The Agricore United deal boosted SaskPool’s total grain handling capacity by about 66 per cent to 1.9 million tonnes. Its Q1 grain handle, as a result, rose about 91 per cent to 4.2 million tonnes, based on a higher turnover ratio due to “greater efficiencies” in the firm’s grain handling pipeline.

The company posted a ratio of Canadian Wheat Board grain shipments to shipments of non-board crops, running at about 42:58 compared to 56:44 for the year-earlier period and 51:49 for the industry overall, due mostly to a number of feed barley shipments handled during the temporary deregulation of the CWB’s barley program last fall.

The AU deal also boosted SaskPool’s number of retail facilities from 100 to 276 and also made Viterra the sole owner of fertilizer maker and wholesaler Westco. Thus, Viterra’s agri-products division doubled its Q1 sales to about $166 million.

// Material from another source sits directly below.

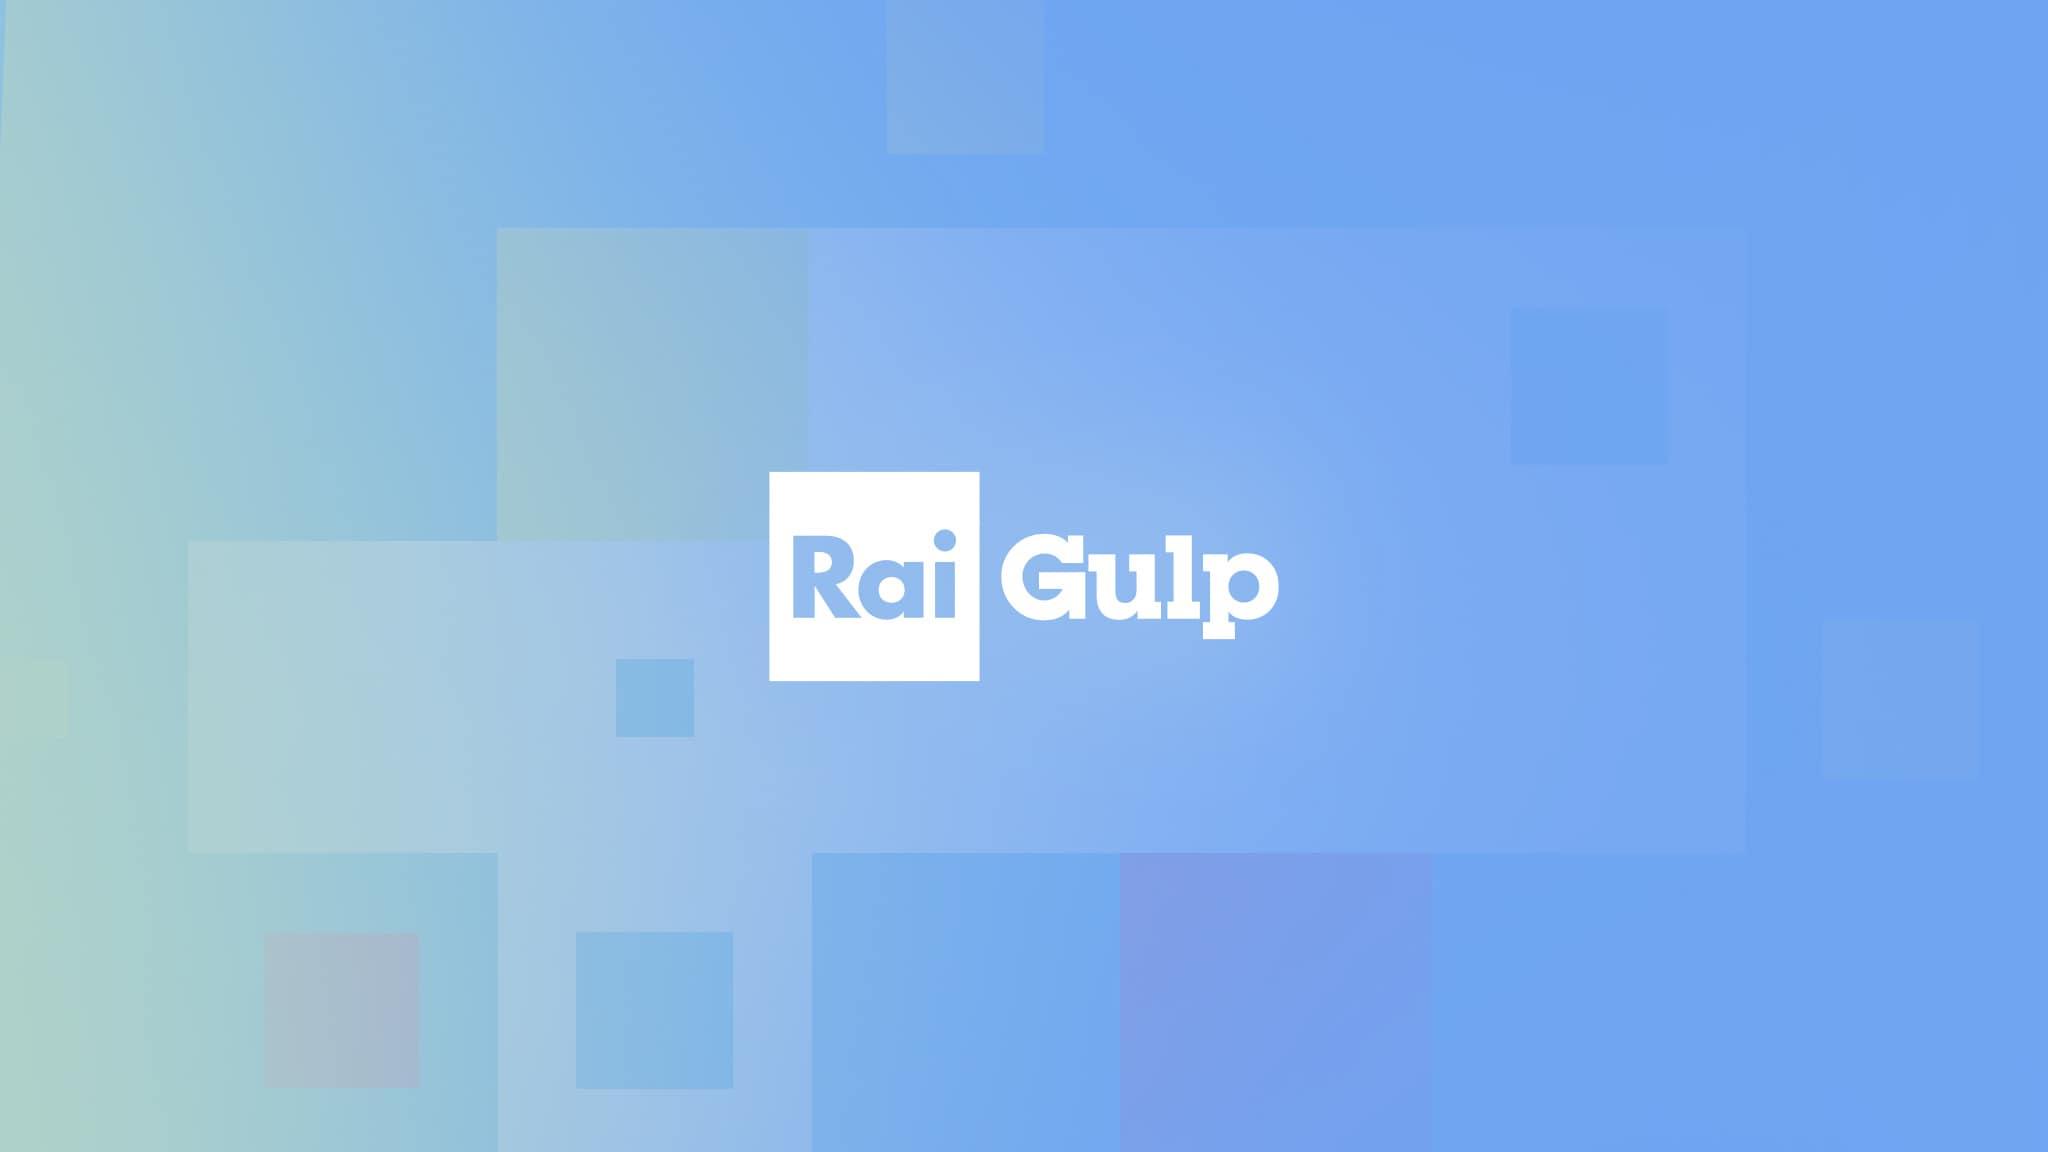 Rai Gulp 101 Dalmatian Street - S1E8
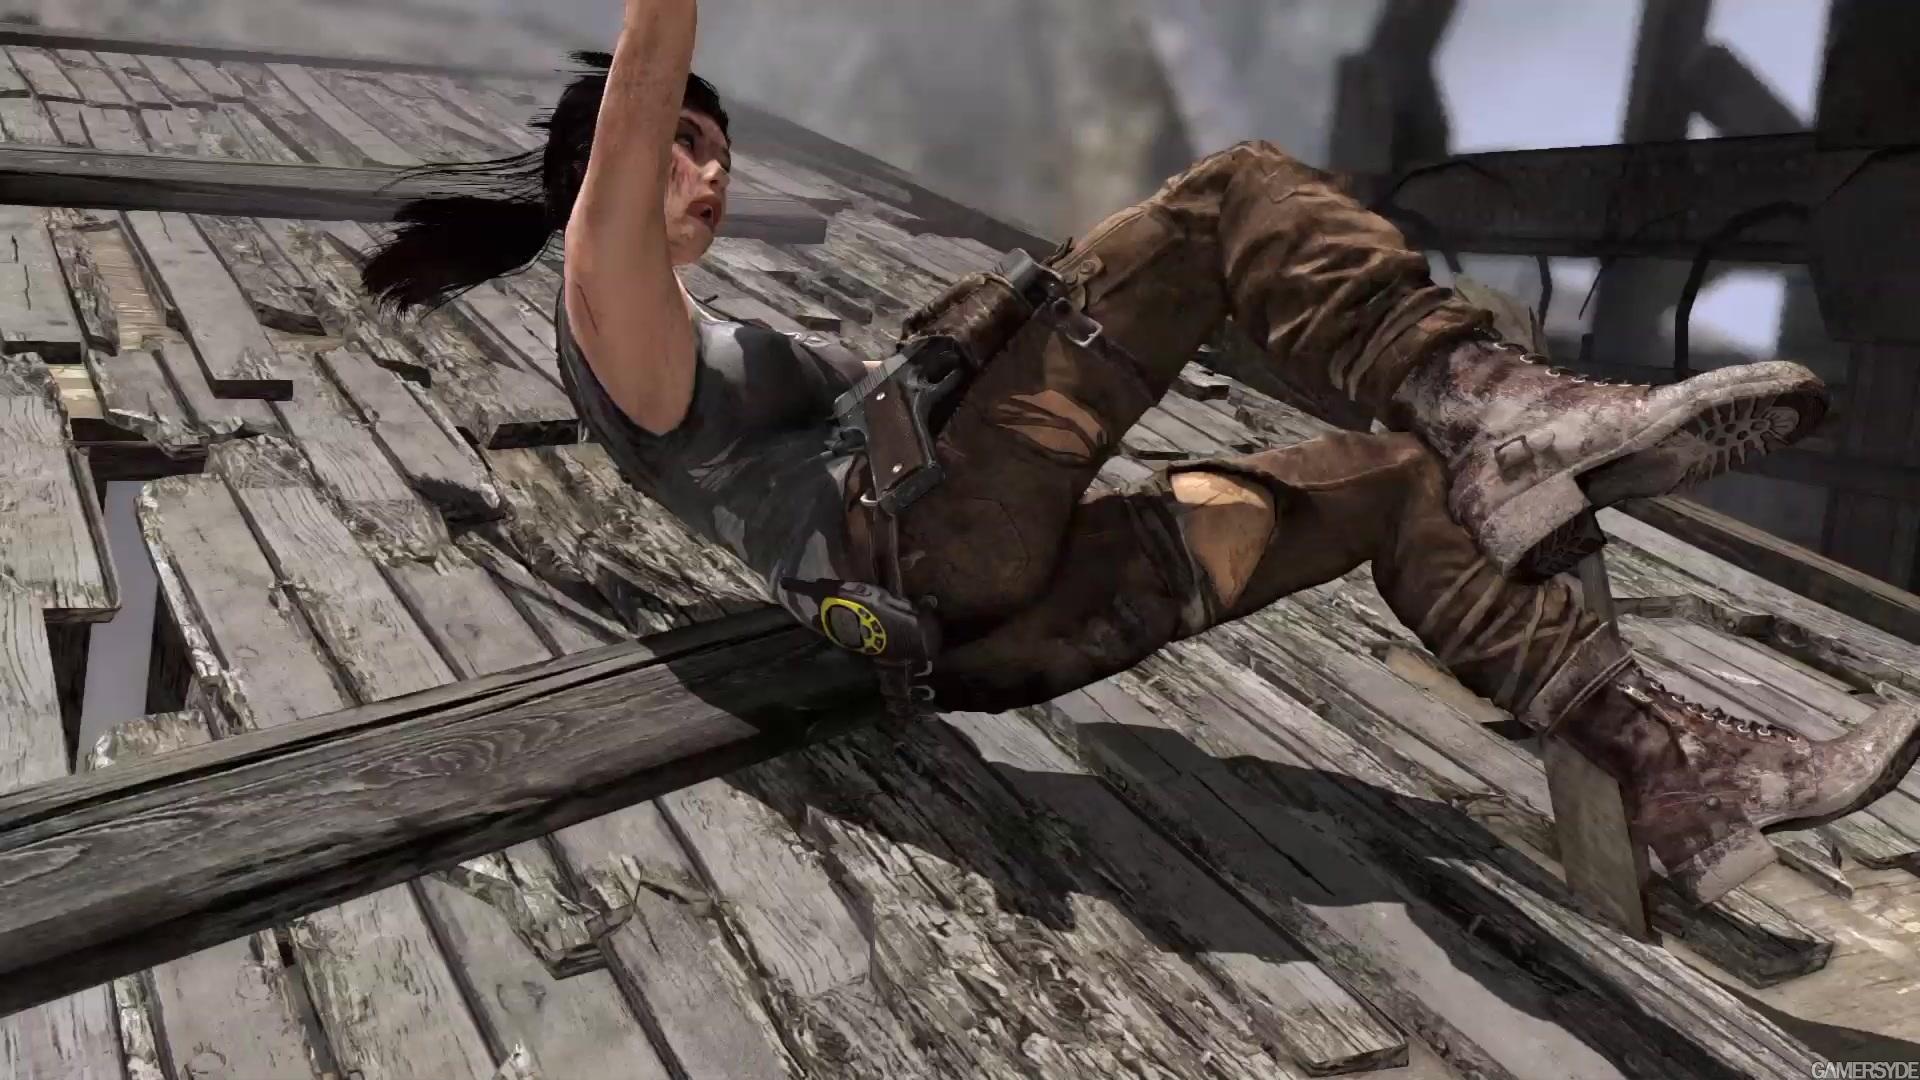 image tomb raider 24052 1912 0022 تصاویر جدیدی از عنوان Tomb Raider: Definitive Edition منتشر شد

“Higher farm incomes in 2007, and continuing high commodity prices in 2008 are positive indicators for the agri-product segment, as farmers have additional flexibility to fund their input purchases,” the company wrote.

However, it added, “these factors have also created some hesitation among growers about which crops to grow.” Viterra expects seed sales to recover in its second and third quarters.

On the other hand, the former AU’s livestock feed and services decision may take a hit as the year goes on, due to “higher feed ingredient costs (which) are also driving higher feed prices, which may further exacerbate the strain on hog producers.”

Hog market conditions also have Viterra “monitoring its investment” in hog production and animal feed company Puratone Corp., based at Niverville, Man. That equity investment posted a $1.5 million loss in Viterra’s Q1, it noted.